Within the inner loop is a one clock cycle penalty which is caused by two violations of the pairing rules. The first penalty occurs on line 7 where a quad word move is issued. This instruction uses the EAX register to generate an index into the a matrix. Exactly one cycle prior to issuing the MOVQ instruction, EAX was used as a destination register on line 3. Pairing rules state that any integer register can not be used to address memory for two clocks after it has been modified. This is referred to as an address generation interlock (AGI). Therefore a penalty of one clock cycle is incurred. The second penalty occurs on line 8 where a packed add is issued. This instruction uses MM0 as an operand. MM0 contains the result of the PMADDWD instruction issued on line 2. Pairing rules state that the result of a multiply instruction can only be used by other instructions issued three clocks later. Therefore, a penalty of one clock cycle is incurred. Since both penalties occur in the same cycle, only a one clock cycle stall occurs instead of two.

This loop was optimized to support efficient calculations of both the prediction and reflection coefficients to an order of 10. For orders of 16 or greater, this loop can be optimized even further by unrolling the loop one more time. This would be done by performing eight word multiplies and four doubleword adds for both R_n and R_d each time through the loop. It would eliminate half of the loop overhead and may also have the potential of hiding the multiply-add and AGI pipe stall at instruction 8. See Example 5 for an example.

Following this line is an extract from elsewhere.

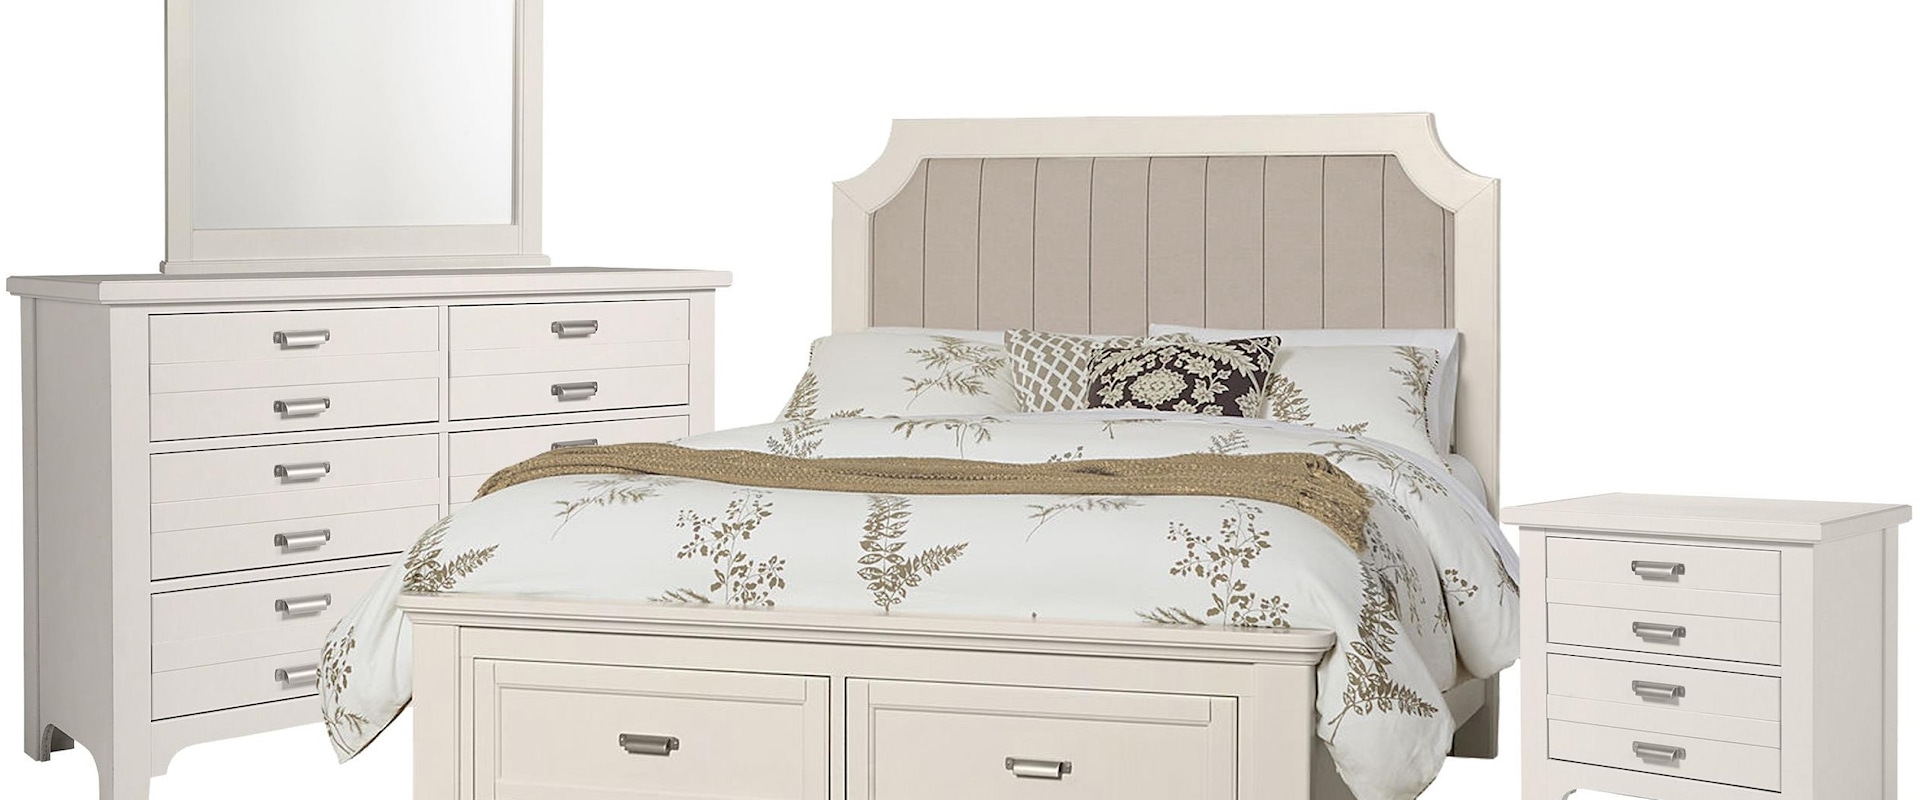 King Upholstered Storage Bed, Double Dresser, Landscape Mirror, 2 Drawer Nightstand

Example 5. Inner Loop Code Segment For Calculating Eight Elements per Iteration

calcRnRd:
1.	movq		mm2,	[edx][eax*2]	; get the next 4 rT() matrix entries
2.	pmaddwd	mm0,	 mm1			; calculate (r(i) * a(i)) + (r(i+1) * 
						; a(i+1)) and (r(i+2) * a(i+2)) + 
						; (r(i+3) * a(i+3))

3.	movq		mm3,	8[edx][eax*2]	; get the next 4 rT() matrix entries
4.	pmaddwd	mm2, 	mm1			; calculate (rT(i) * a(i)) + (rT(i+1) * 	
						; a(i+1)) and (rT(i+2) * a(i+2)) + 
						; (rT(i+3) * a(i+3))

7.	movq		mm1,	8[ecx][eax*2]	; get the next 4 a() matrix entries
8.	paddd		mm6,	 mm0		; accumulate Rd

9.	movq		mm4,	8[esi][eax*2]	; get the next 4 r() matrix entries
10.	pmaddwd	mm3, 	mm1			; calculate (r(i+4) * a(i+4)) + (r(i+5)*
						; a(i+5)) + (r(i+6) * a(i+6)) + (r(i+7)*
						; a(i+7))

11.	movq		mm0,	[esi][eax*2]	; get the next 4 r() matrix elements 
12.	pmaddwd	mm4,	mm1			; calculate (rT(i+4)*a(i+4)) + (rT(i+5)
						; * a(i+5)) + (rT(i+6) * a(i+6)) +
						; (rT(i+7) + a(i+7))

13.	movq		mm1,	[ecx][eax*2]	; get the next 4 a() matrix elements
14.	paddd		mm7,	 mm2		; accumulate Rn

15.	add		eax,	8		; add 8 elements to the eax index
16.	paddd		mm6,	mm3		; accumulate Rd

17.	paddd		mm7, 	mm4		; accumulate Rn
 
18.	cmp		eax,	ebx		; compare i and m
19.	jl		calcRnRd		; if (i < m) then keep incrementally 
						; calculating Rn and Rd

3.3. Obtaining the Reverse of the Input Vector

The formula to compute R_nuses the values of the input vector in the reverse order. Three options were considered when deciding how to obtain this vector:

Create the reverse vector prior to the main loop.
In the inner loop to calculate R_n and R_d, read the input vector and rearrange the data for the calculation.
Add an input vector element to the front of a local array with each iteration of the main loop. Use this new array to calculate R_n. This option is available since for each iteration of the main loop, only one new input vector element is used to calculate R_n.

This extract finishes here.